Projects
2022

Visualizations of Wittgenstein's Nachlass

github.com/fkettelhoit/wittgenstein-work-sources-viz

As part of my PhD, I created visualizations of the correspondence between Ludwig Wittgenstein's posthumous works (edited by the Nachlass executors) and the sources in Wittgenstein's own documents in the Nachlass, especially for the Remarks on the Foundations of Mathematics.

Here are some examples:

Visualization of RFM 2 Visualization of RFM 5

The Problem of Wittgenstein's “Works”

The “works” of Wittgenstein that were published after his death by the three literary executors G.E.M. Anscombe, Rush Rhees and Georg Henrik von Wright have often been the target of criticism, giving rise to the question of what can even be considered a “work” by Wittgenstein. The Remarks on the Foundations of Mathematics (RFM), first published in 1956 and then heavily revised and expanded in 1974, are certainly one of the most problematic publications in this regard, as the literary executors themselves pointed out:

The Remarks on the Foundations of Mathematics occupy a nearly unique, and not altogether happy, position among the posthumous publications.

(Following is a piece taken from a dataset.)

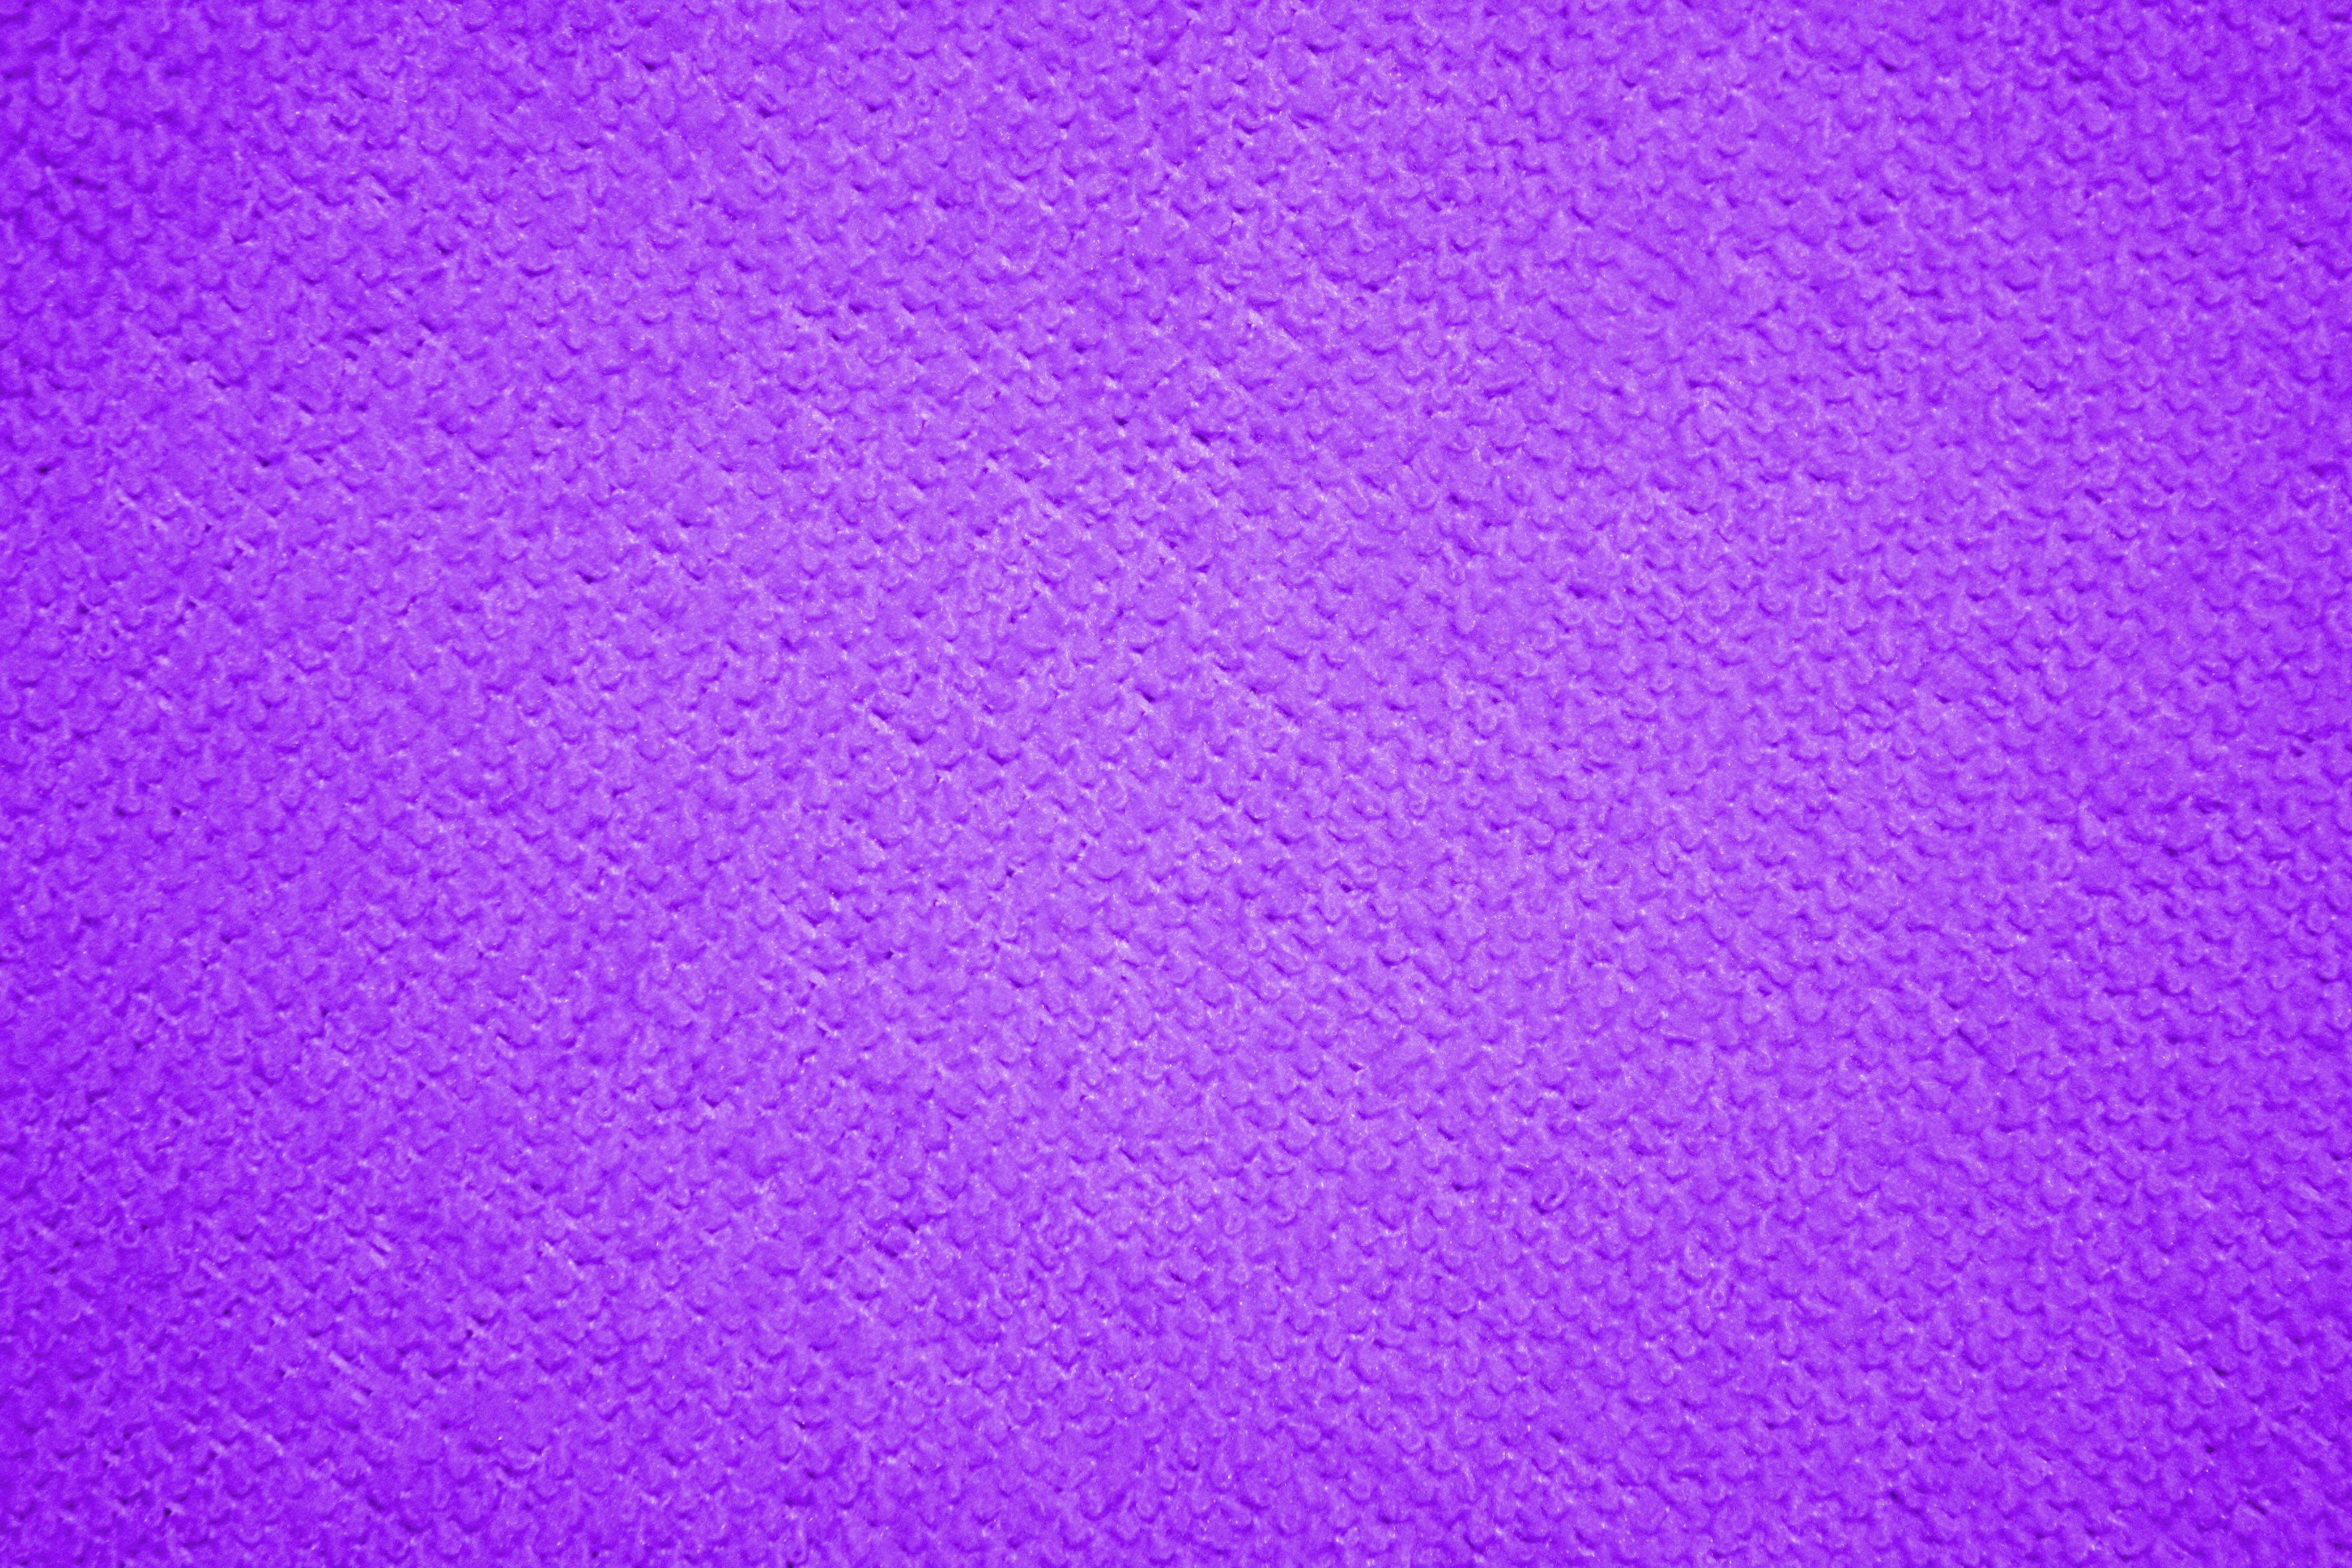 Purple Microfiber Cloth Fabric Texture Picture Free

In addition to the relatively finished Part I, corresponding to typescripts 222, 223, and 224 of the catalogue and constituting the second half of the pre-war version of the Investigations, the Remarks contain selections from several manuscripts (117, 121, 122, 124, 125, 126, and 127). In the revised edition of 1974 (English translation 1978) the selections from those manuscripts were somewhat enlarged and a further manuscript (164) which was not known to the editors at the time of the first edition was added, practically without omissions. A publication of the manuscripts in toto, however, seemed to us excluded even at the time of preparing the new edition.